Dengan pilihan program ini, peserta dapat merencanakan perlindungan jangka panjang.
Perbedaan Sistem Iuran
Setiap program memiliki skema pembayaran yang berbeda:
Iuran BPJS Kesehatan
Peserta mandiri membayar sesuai kelas layanan yang dipilih.
Sementara pekerja formal membayar iuran dengan sistem potongan gaji.
Pemerintah juga menanggung iuran bagi masyarakat kurang mampu yang masuk kategori PBI dan terdaftar pada Data Tunggal Sosial Ekonomi Nasional (DTSEN).
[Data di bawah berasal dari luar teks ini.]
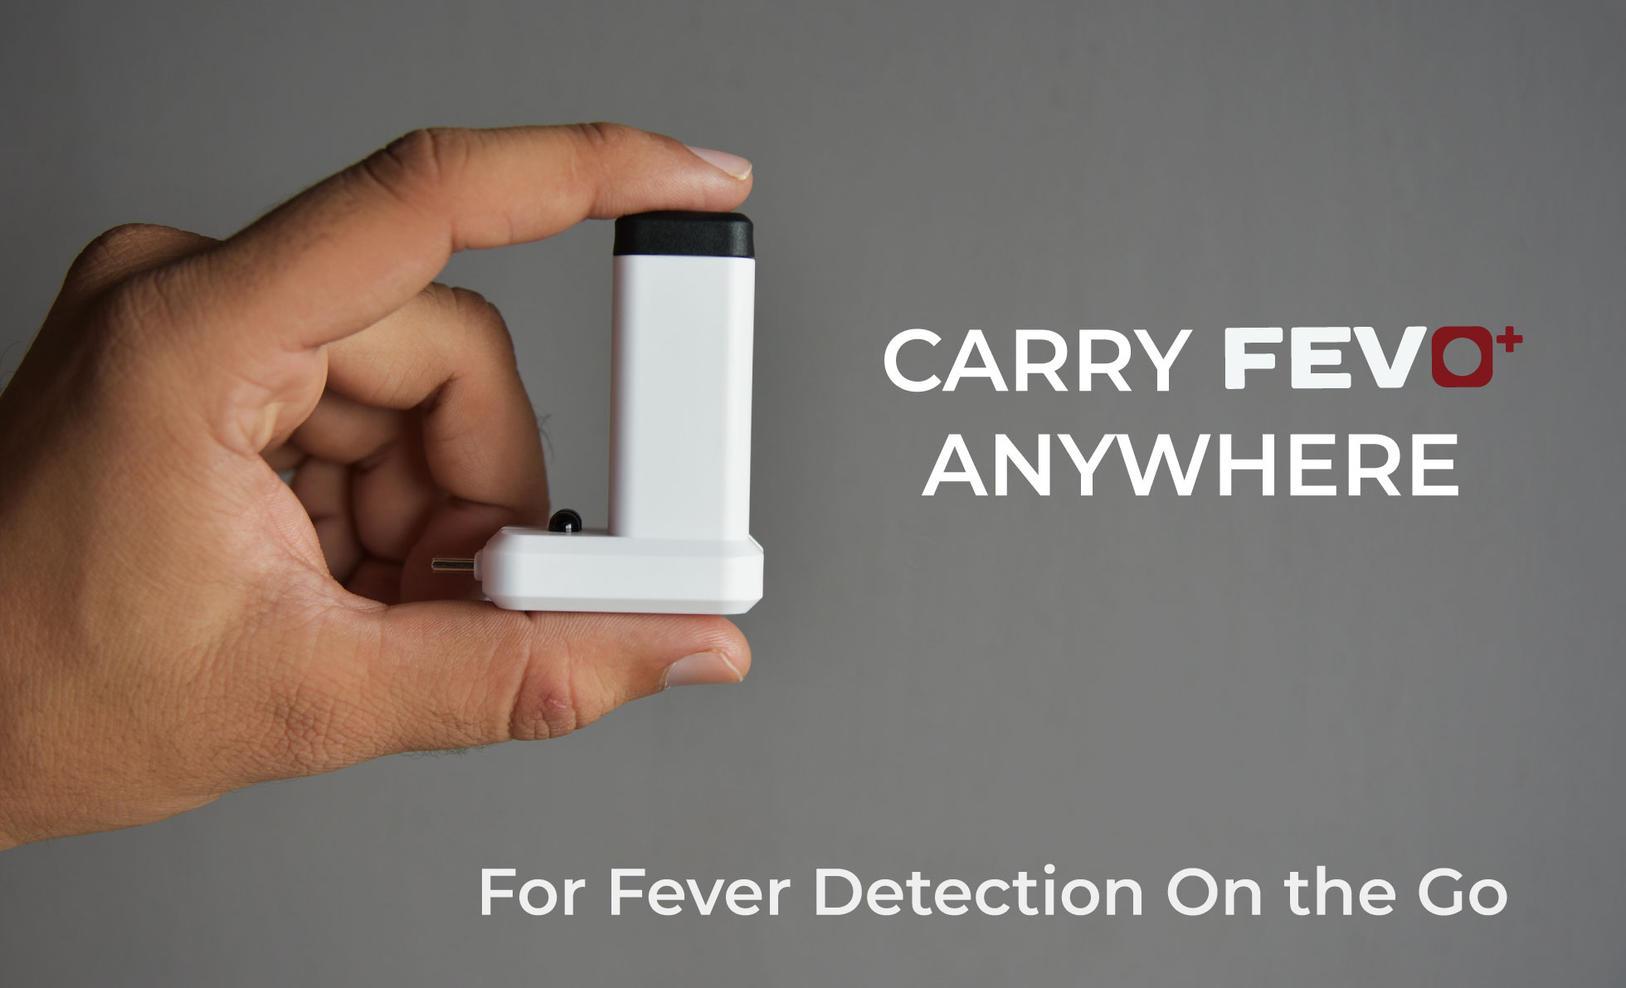 Fevo+_Smart_Fever-Detection-2.jpg

Iuran BPJS Ketenagakerjaan
Iuran disesuaikan dengan jenis program yang diikuti.
Pekerja penerima upah membayar iuran melalui pemotongan gaji bulanan, sedangkan pekerja mandiri dapat memilih paket iuran sesuai kemampuan dan kebutuhan.
Peserta yang Wajib Terdaftar
BPJS Kesehatan berlaku untuk seluruh warga negara, baik pekerja formal, informal, pelajar, maupun masyarakat umum.
Setiap individu wajib menjadi peserta.
BPJS Ketenagakerjaan diwajibkan bagi pekerja penerima upah, pekerja mandiri, serta pemberi kerja yang mempekerjakan karyawan.
Kesimpulan
BPJS Kesehatan dan BPJS Ketenagakerjaan memiliki fungsi yang berbeda dan saling melengkapi.
BPJS Kesehatan memberikan perlindungan akses layanan kesehatan, sedangkan BPJS Ketenagakerjaan melindungi pekerja dari risiko ekonomi akibat kecelakaan kerja, PHK, hingga hari tua.
Dengan memahami perbedaan manfaat, iuran, dan perlindungan, masyarakat dapat memaksimalkan layanan yang tersedia dan merencanakan masa depan dengan lebih aman.